Azure / azure-sdk-for-python

This repository is for active development of the Azure SDK for Python. For consumers of the SDK we recommend visiting our public developer docs at https://learn.microsoft.com/python/azure/ or our versioned developer docs at https://azure.github.io/azure-sdk-for-python.
MIT License
4.53k stars 2.76k forks source link

max_item_count breaks pagination in azure-cosmos query_items().by_page() #36946

Open esotuvaka opened 3 weeks ago

esotuvaka commented 3 weeks ago

Describe the bug I've adapted the code examples below directly from the python-azure-sdk samples section of the github repo: https://github.com/Azure/azure-sdk-for-python/blob/main/sdk/cosmos/azure-cosmos/samples/document_management.py#L88

Part 1: Specifying a max_item_count greater than the number of documents present in cosmos DB returns 0 documents, despite there being documents present in Cosmos DB. My current workaround has been to set the max_item_count to 1, which does enable pagination, but will not scale. Part 2: The other half to this bug is when we paginate, if the final page is less than max_item_count, the page will return back as empty.

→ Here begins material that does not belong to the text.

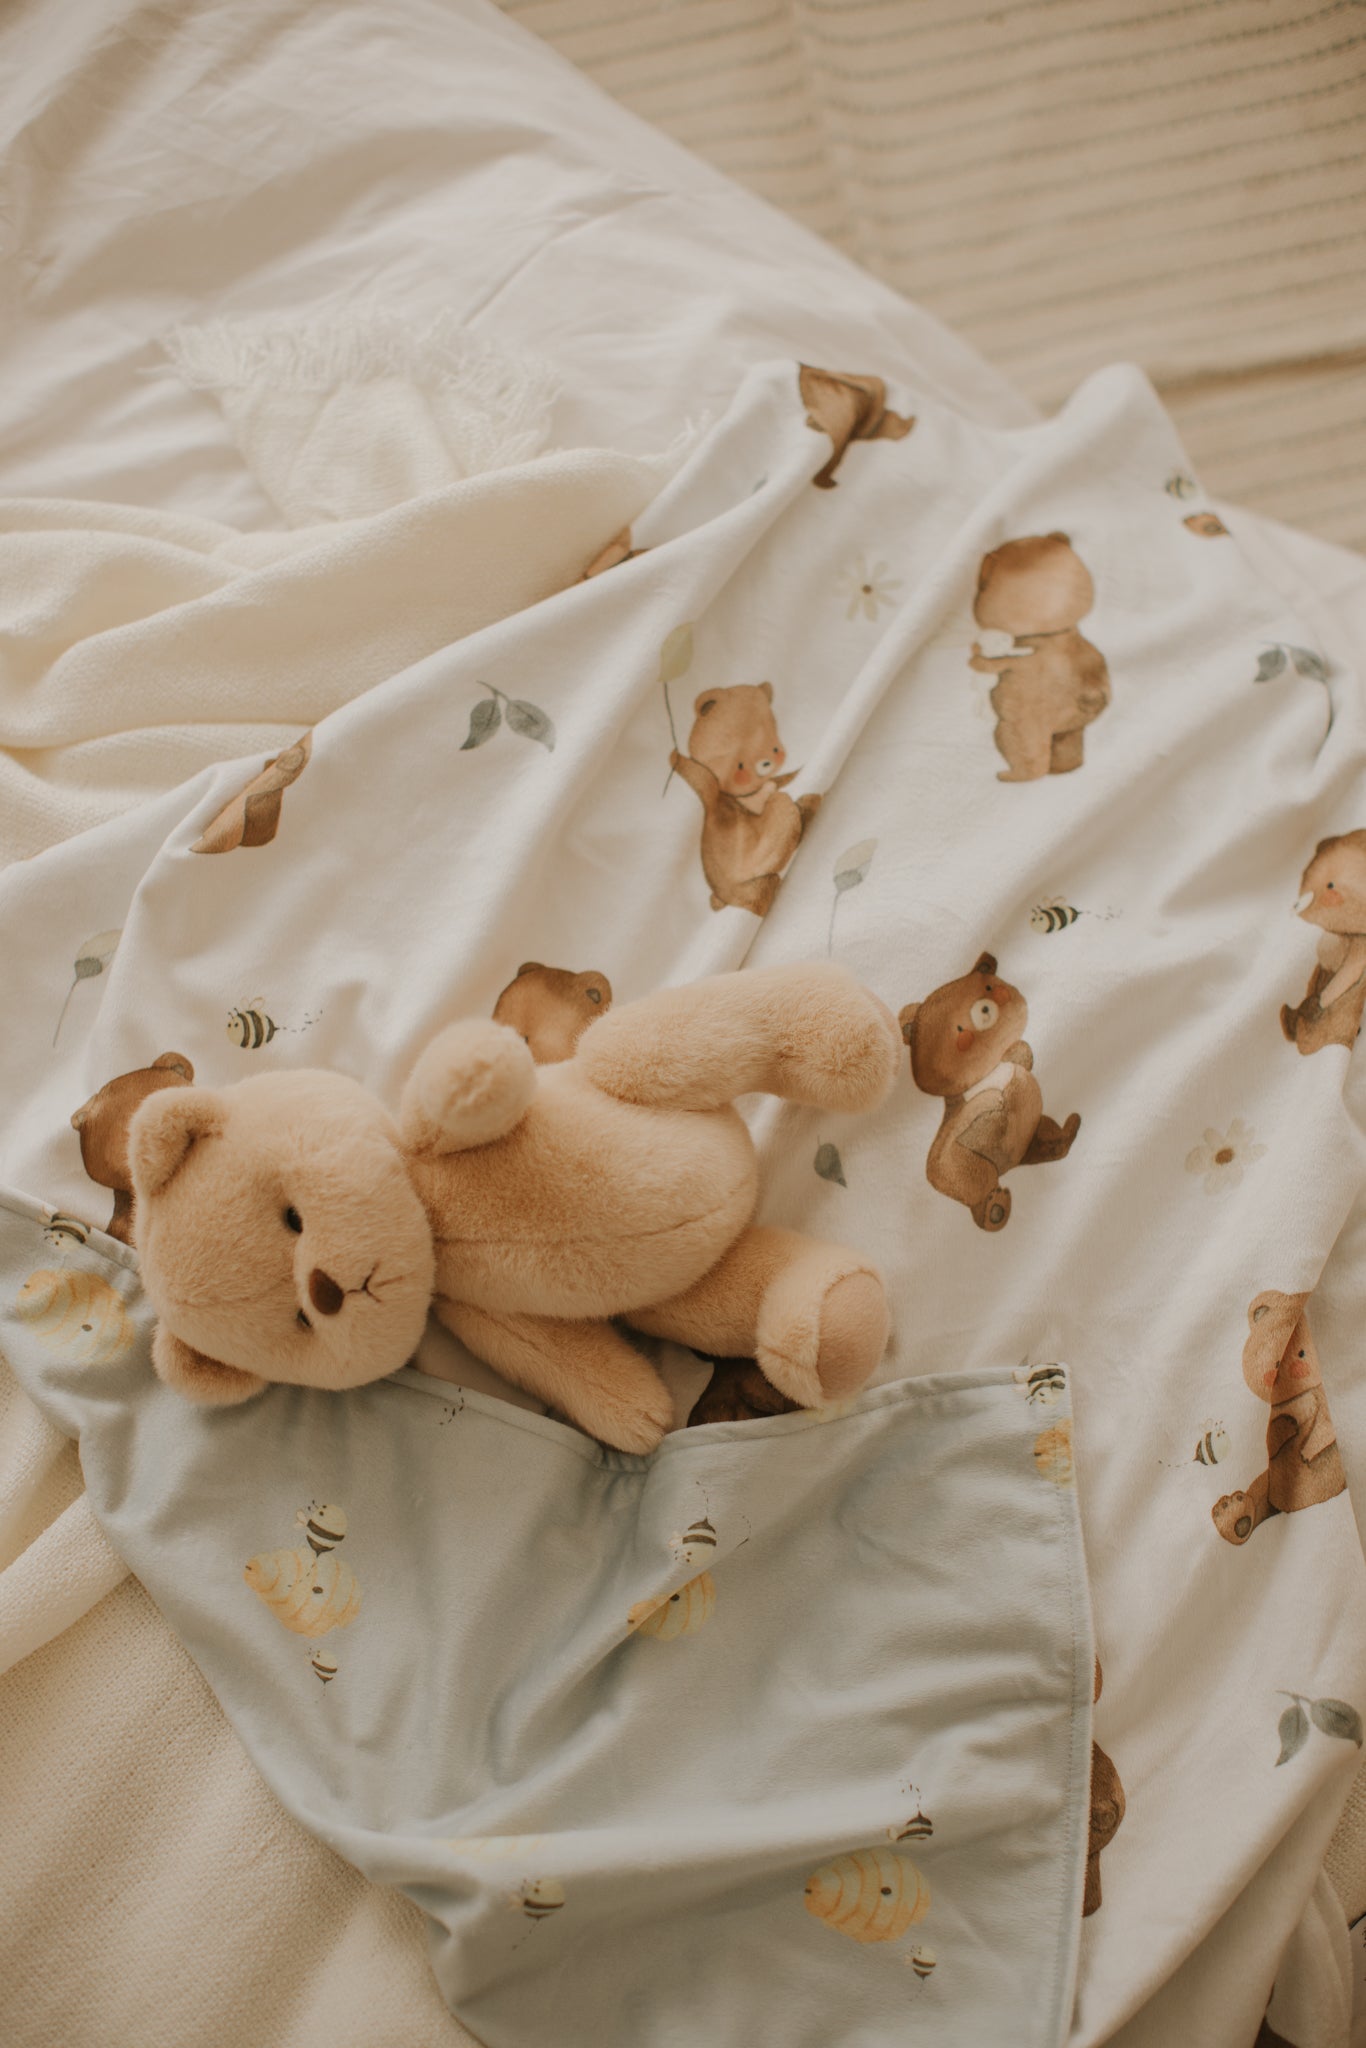 My little blanket - Little bear - Veille sur toi

Part 1: For example, having 7 documents in Cosmos DB with a max_item_count of 10 can not be paginated by the code below, because the first page is returned with 0 documents. Part 2: For example, having 7 documents in Cosmos DB with a max_item_count of 2 can be paginated by the code below, but the final page that should return 1 document actually returns [] no documents, I suspect also because of Part 1's bug where the max_item_count is now larger than the number of documents remaining.

Specifying no max_item_count will also trigger this bug.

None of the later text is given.